The Stock Market Will Go Up By 58% Over The Next 10 Years

The most common way to determine if stock market returns are overpriced or cheap is to use P/E ratios. The two schools of thought include that of permabulls, who argue that the stock market is cheap because of both the trailing 12-month P/E ratio and 2011 earnings estimates; and Permabears, who argue that the stock market is expensive because of a high Shiller’s P/E Ratio. The Yale economics professor who developed this, Robert Shiller, thought that average real earnings during the past decade is a better indicator of long term earnings. He created the cyclically adjusted P/E ratio (CAPE) to predict long term returns in the stock market. The average historical Shiller P/E ratio is around 16, and right now it’s above 20. That means, according to permabears like David Rosenberg, the stock market is overvalued by at least 20% based on this metric.
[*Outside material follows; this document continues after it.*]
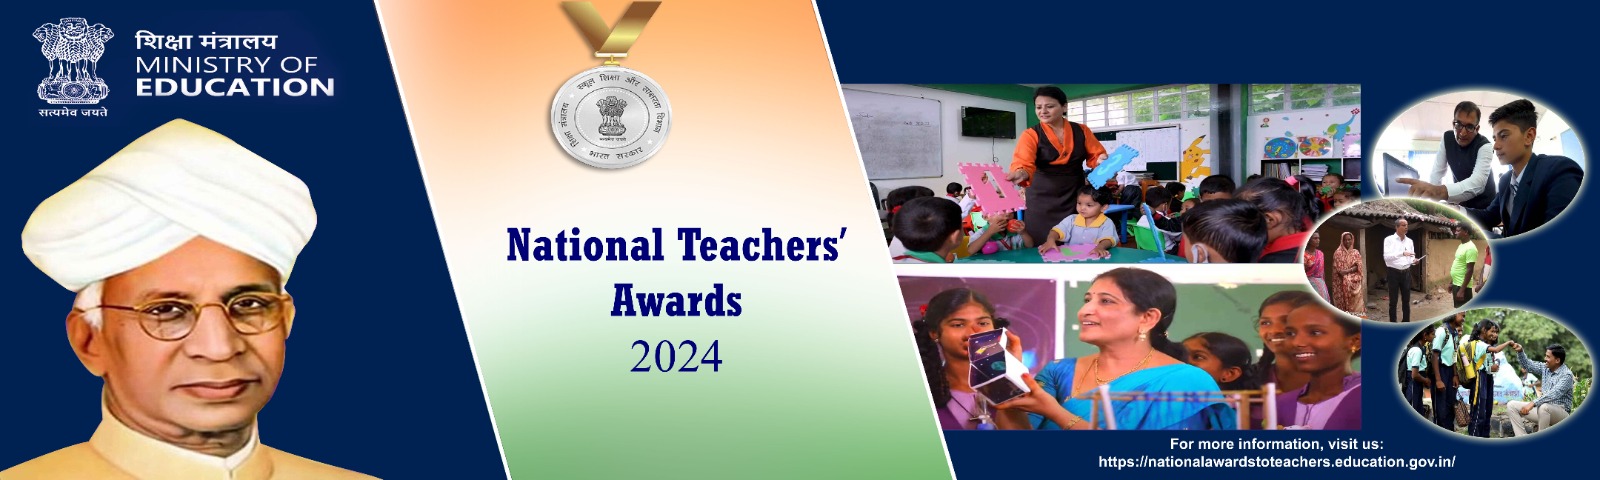 National Award for teachers

Insider Monkey thinks long-term interest rates should also be considered. When combined with long term interest rates, cyclically adjusted price earnings ratio could yield better signals. When long-term interest rates are high, stock prices and Shiller’s CAPE could be low. For instance, in March, 1980 Shiller’s P/E ratio was only 8.1 and the S&P 500 index was at 104.70. Ten years later, the S&P 500 index was 338.46, a 3-fold increase. However, in March, 1980 the 10-year interest rate was 12.75% and $104.7 invested in this would have compounded to $347.63 by March 1990. Clearly the stocks were undervalued by 50% according to Shiller’s P/E in 1980, but they didn’t outperform the bonds by a huge margin over the next 10 years.

Today, 10 year bonds yield only 2.4% whereas the cyclically adjusted earnings yield is close to 5%. Historically, when the cyclically adjusted earnings yield is 2-3 percentage points above the 10-year treasury yields, the S&P 500 index returns 58% in real terms during the following 10-year period. When the earnings yield –which is the inverse of the P/E ratio – is above the long-term interest rates, companies can borrow at cheaper rates and invest it in themselves and increase profits. The real yield of 10-year bonds right now is below 1%, so these bonds will return about 10% in the next 10 years. If stocks behave the same way they did in the past, they’ll return 58%, and will beat bonds by nearly 50% over the next 10 years.